Follow these steps to create a new service account user for Paradime and grant the required permissions at the project level:

1. **Go to Google Cloud Console and**[ **navigate to IAM & Admin**](https://console.cloud.google.com/iam-admin/serviceaccounts):
   * Select your project from the project selector at the top.
   * Go to the "IAM & Admin" section.
2. **Create Service Account**:
   * Click on "Service Accounts".
   * Click "Create Service Account".
   * Enter the Service Account name (e.g., `paradime-radar-user`).
   * Click "Create and Continue".
3. **Assign Roles**:
   * Assign the necessary roles to the service account:
     * **`BigQuery Resource Viewer`**
     * **`BigQuery Job User`**
4. **Complete and Save**:
   * Click "Done" after assigning the roles.
   * The service account will now be created with the assigned permissions.
5. **Generate Key**:
   * Go to the "Keys" tab and click "Add Key" -> "Create New Key".
   * Choose JSON format and save the key file securely. (We will need this later to connect BigQuery to Paradime.)
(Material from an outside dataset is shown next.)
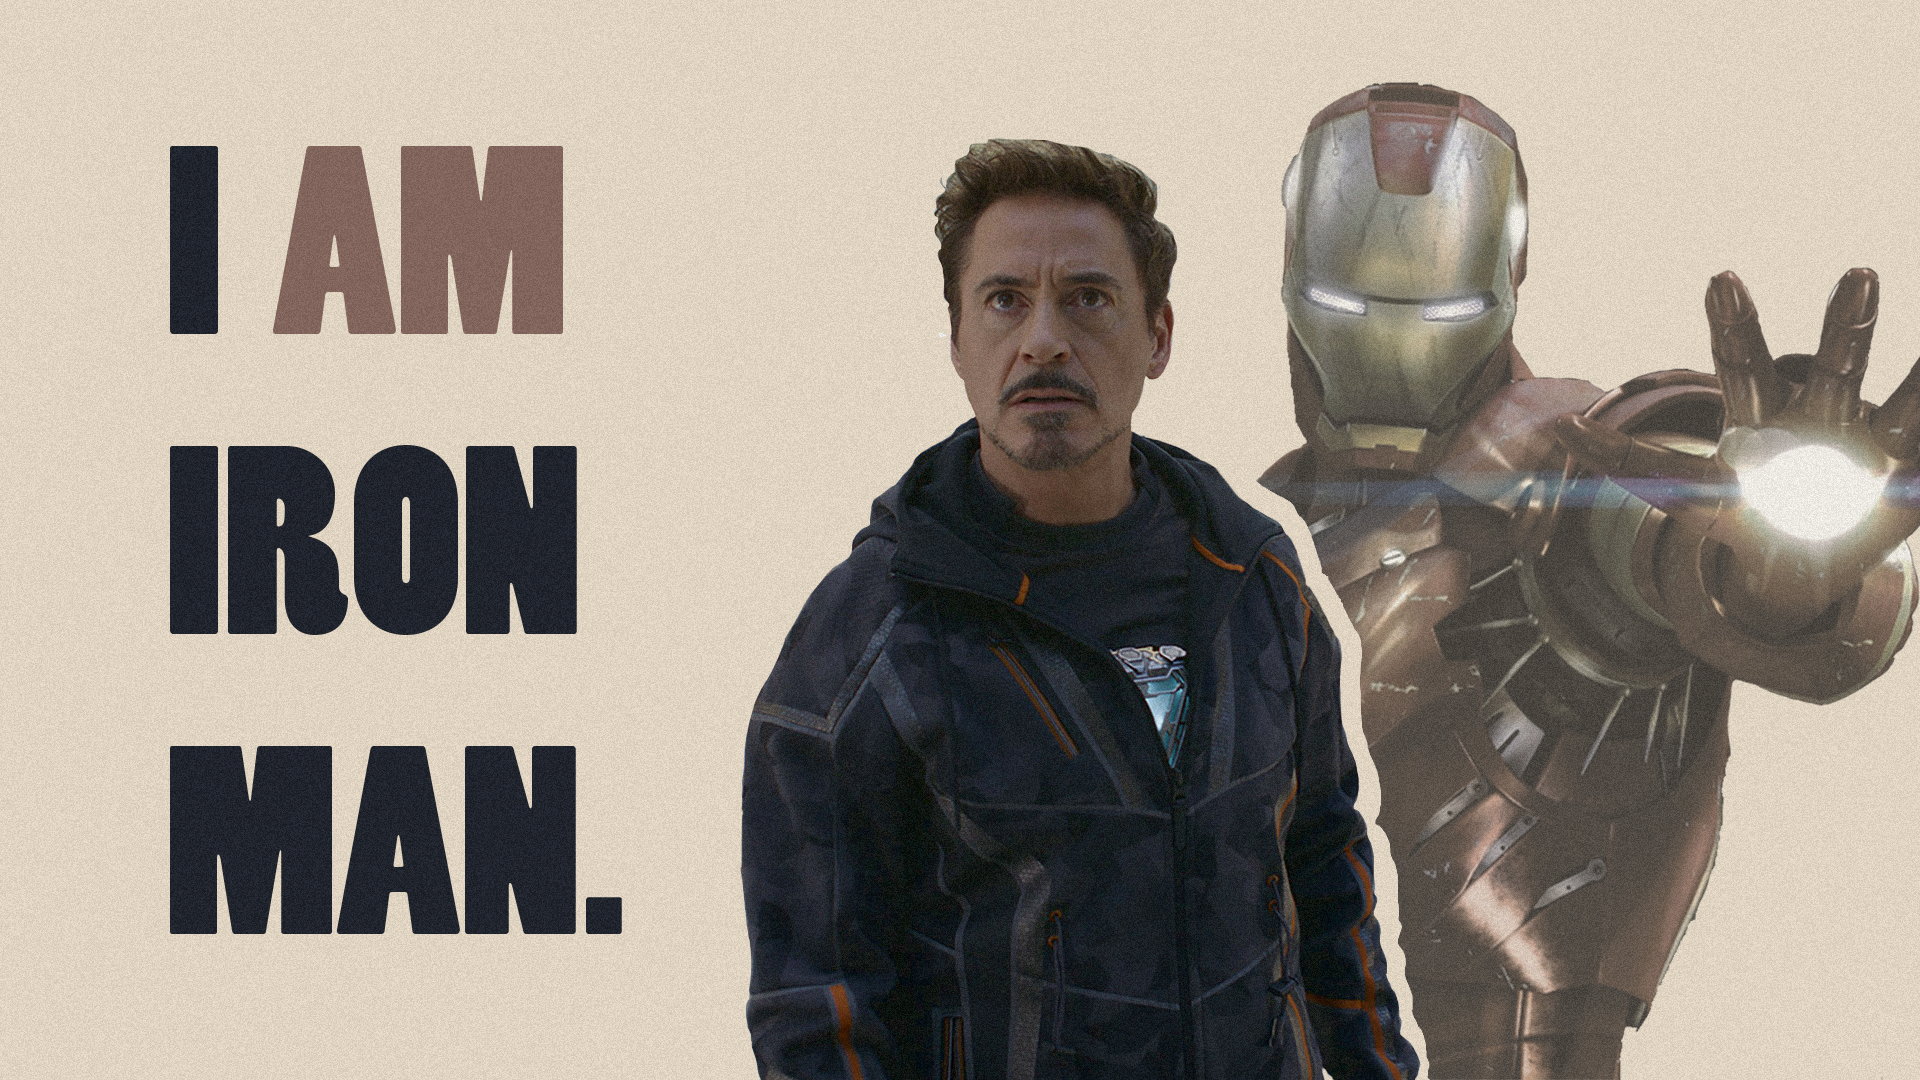 I am Iron Man. Tony stark wallpaper, Avengers wallpaper, Cute mobile wallpaper

{% @arcade/embed flowId="He26zpXuXQ5hOiK5eAgo" url="<https://app.arcade.software/share/He26zpXuXQ5hOiK5eAgo>" %}

***

### 2. Create the BigQuery Dataset

{% hint style="danger" %}
Make sure to name the BigQuery Dataset as **`paradime_cost_analytics`**
{% endhint %}

To set up your BigQuery Project for Paradime, follow these steps:

1. **Go to Google Cloud Console,**  [**navigate to BigQuery**](https://console.cloud.google.com/bigquery) **and select your project.**
2. **Create a Dataset**:
   * Name: `paradime_cost_analytics`
   * Select the appropriate Dataset region (this will be needed for the Paradime connection setup).
3. **Grant Access**:
   * Assign the `BigQuery User` and `BigQuery Data Editor` roles to the service account user created previously, ensuring these permissions are at the Dataset level.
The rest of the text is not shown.